CSCI 260 Fall 2010: Notes

CSCI 260 Fall 2010: Choosing ADTs

Two of the most important decisions in designing a software solution are:

How should I decompose the problem into logical modules and methods?
What data structures should I use to model the information needed for the solution?

Here I want to very briefly summarize some of the questions you should ask and decisions you should make when trying to select a data structure for a particular application.

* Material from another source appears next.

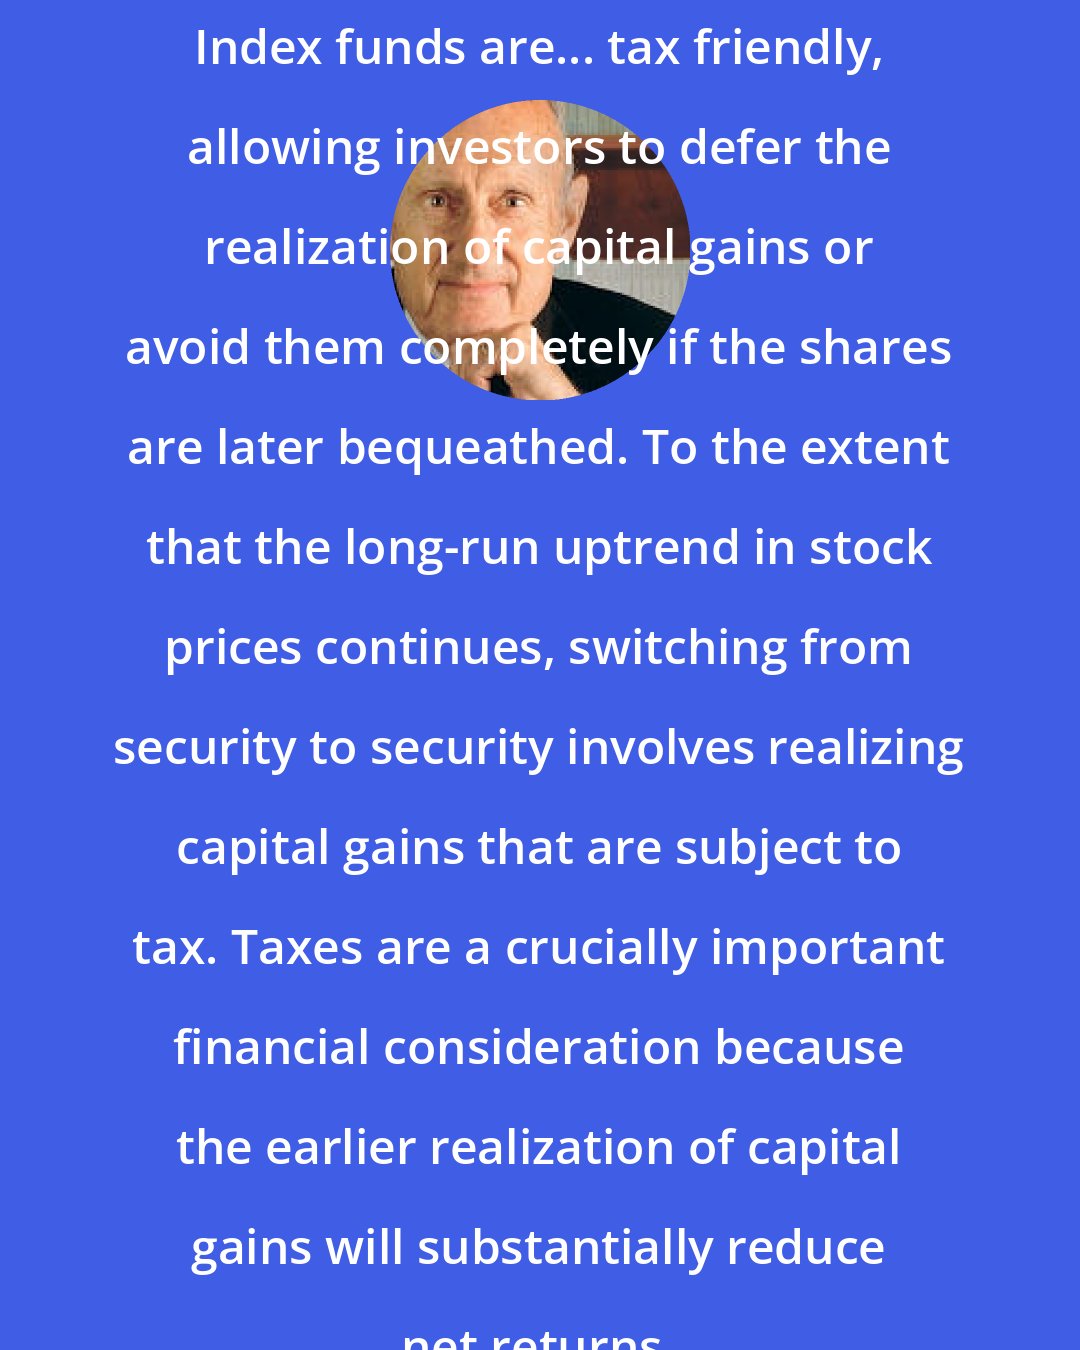 Burton Malkiel: Index funds are... tax friendly, allowing investors to defer the realization of capital gains or avoid them completely if the shares are later bequeathed. To the extent that the long-run uptrend in stock prices continues, switching from security to security involves realizing capital gains that are subject to tax. Taxes are a crucially important financial consideration because the earlier realization of capital gains will substantially reduce net returns.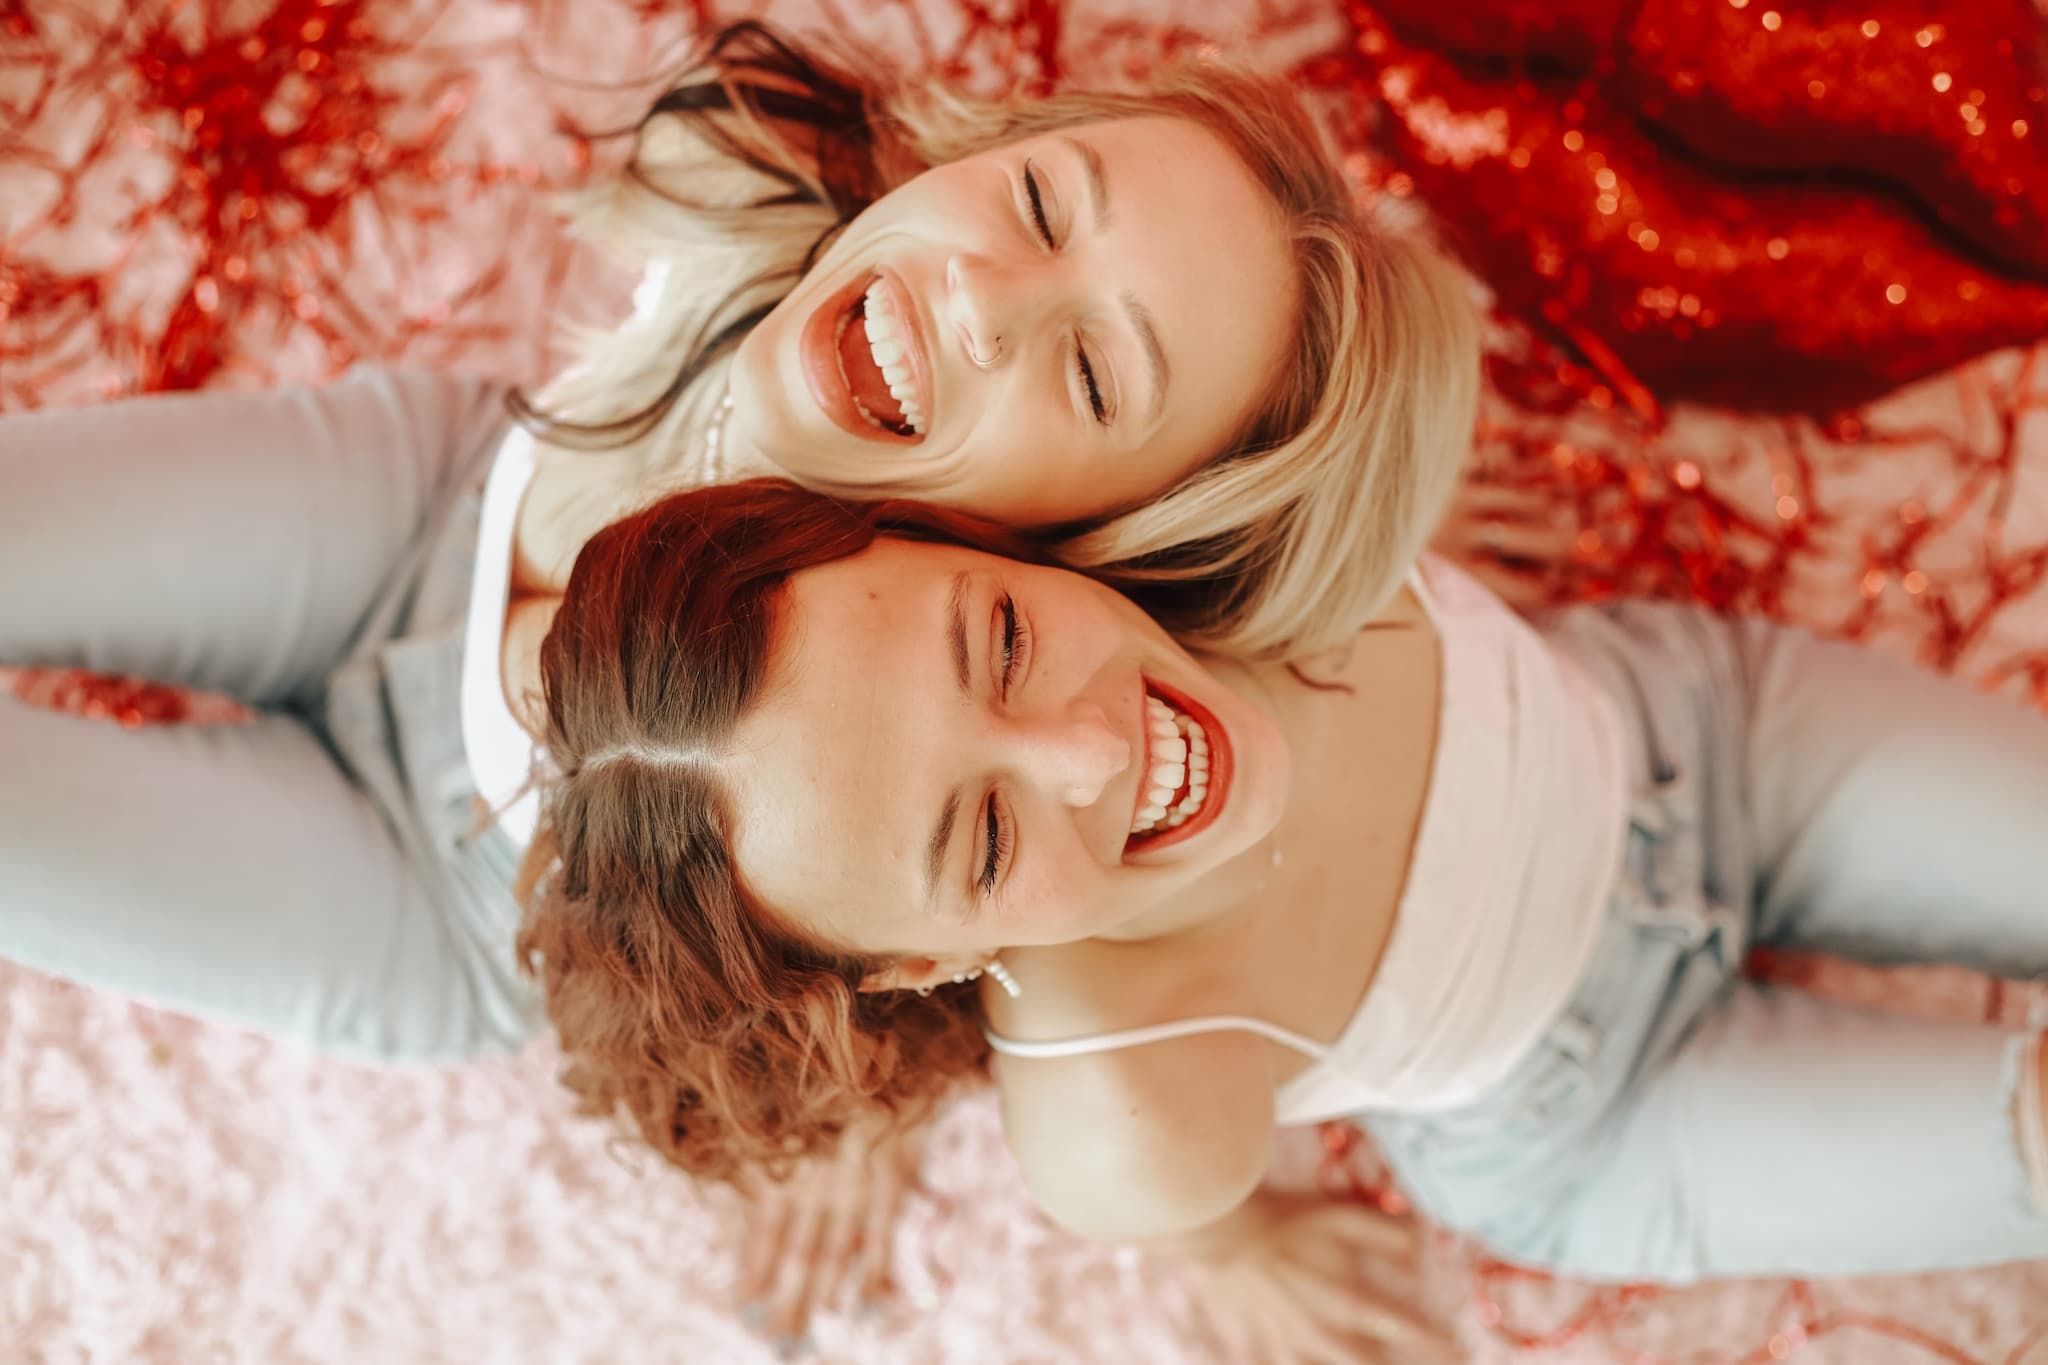 A Fun-filled Galentine's Photo Session at Neon Poppy Studios

(Note that after this course, when you're given a problem you'll generally be expected to pick, implement, and use an appropriate data type on your own, so the decision making process is extremely important.)

Available data types

Here is a quick rundown of the major data structures discussed so far (in CSCI 161 and 260):

Unsorted arrays: good for storing small amounts of data quickly and efficiently
Sorted arrays: good if we have a reasonable upper limit on the size of the data set and insert/remove operations are relatively rare
Queues: good for processing data in the order it arrives, with circular buffer implementations for queues with a reasonable fixed size limit or pointer-based implementations for more dynamic sizes
Stacks: good for interrupt based processing of data (where we remember the state we were in while we switch to a new task, then pick up where we left off), also with array implementations for stacks with a reasonable fixed size limit or pointer-based implementations for more dynamic sizes
Unsorted linked lists: good if the list size is highly dynamic (making an array inappropriate) and we don't need to perform fast searches (e.g. very slow performance is ok, or we're usually accessing items near the front or back of the list)
Sorted linked lists: good if the list size is highly dynamic (making an array inappropriate) and we don't need to perform fast searches but we do often process the data in a sequential (sorted) fashion
Self organizing lists: good if we need to quickly search the data and we know data requests are very unevenly distributed (i.e. we know that either some items are searched for much more often than most, or we know that requests for any given item are likely to come in "clumps")
Caches: not really a data structure, but a possible supplement for another searchable data type. Used in the same circumstances as self-organizing lists, but where we want the "main" list to be maintained in some other format.
Skiplists: (assuming random node levels are in use) these give good average search, insert, and remove speeds, and are not sensitive to the order in which data items are inserted or removed
Binary search trees: a simple data structure with good search, insert, and remove speeds if the data insertion and removal order is highly randomized but very poor performance if the data insertion order tends to be mostly sorted (or reverse sorted)
AVL trees: slightly more complex than binary search trees, very good search, insert, and remove efficiency and not sensitive to data orderings - somewhat more space efficient than skiplists

Questions and implications

Here are some of the key questions you should ask before picking a data structure:

How large can the data set grow,
how much does the size vary over time,
and is it reasonable for us to store space for the entire data set all the time?
Do I need to search the data set quickly or frequently,
and (if so) are the searches randomly distributed?
Do I frequently need to access data in a particular position in the data set (top, back, front, ...) or with a particular characteristic (largest, smallest, most-used, ...)?
Is the data set (or most of it) being supplied at the beginning, or are there frequent inserts and removes later?
Is the data supplied in a (nearly) predictable order (e.g. sorted or mostly sorted), or is the initial ordering highly random?
Do I frequently need to access the data in sorted order (in either direction)?

Based on the answers to those questions, you should be able to narrow down the set of appropriate data types quite quickly.

Always look for a solution that is most effective for your situation in terms of longevity, simplicity, maintainability, and efficiency.

Questions and implications

Of course, for complex problems you will often find the best solution is a combination of the simpler data types, for example:

Suppose you need to implement a job queue with the following properties:
- the number of jobs in the queue is a highly variable and unpredictable
- jobs have priority levels, and higher priority jobs are processed first
- jobs have unique id numbers, and we need to be able to search for jobs with a specific id (e.g. so we can cancel them and remove them from the queue)
A heap might be a reasonable implementation for the priority queue, whereas an avltree would be more reasonable for the search aspects.
Ideally, we combine the two, e.g. creating our own avlheap:
Suppose we need an extraordinarily large but very sparse table, with a potentially infinite number of row values and column values, and some rows and columns that contain a great many values. Suppose, furthermore, that we need to be able to search for specific cells very quickly.
We can't maintain arrays of row and column pointers, because we don't have sufficient storage space and couldn't afford the time to search them anyway. Thus we might use one avltree whose nodes contain the individual row pointers, and another avltree for the column pointers.
Each individual row and column would also be an avltree, so that we could rapidly search the row (or column) for a specific cell. Thus the row pointers and column pointers actually point to the root of the avltree for that particular row or column.

Again, always look for a solution that is most effective for your situation in terms of longevity, simplicity, maintainability, and efficiency.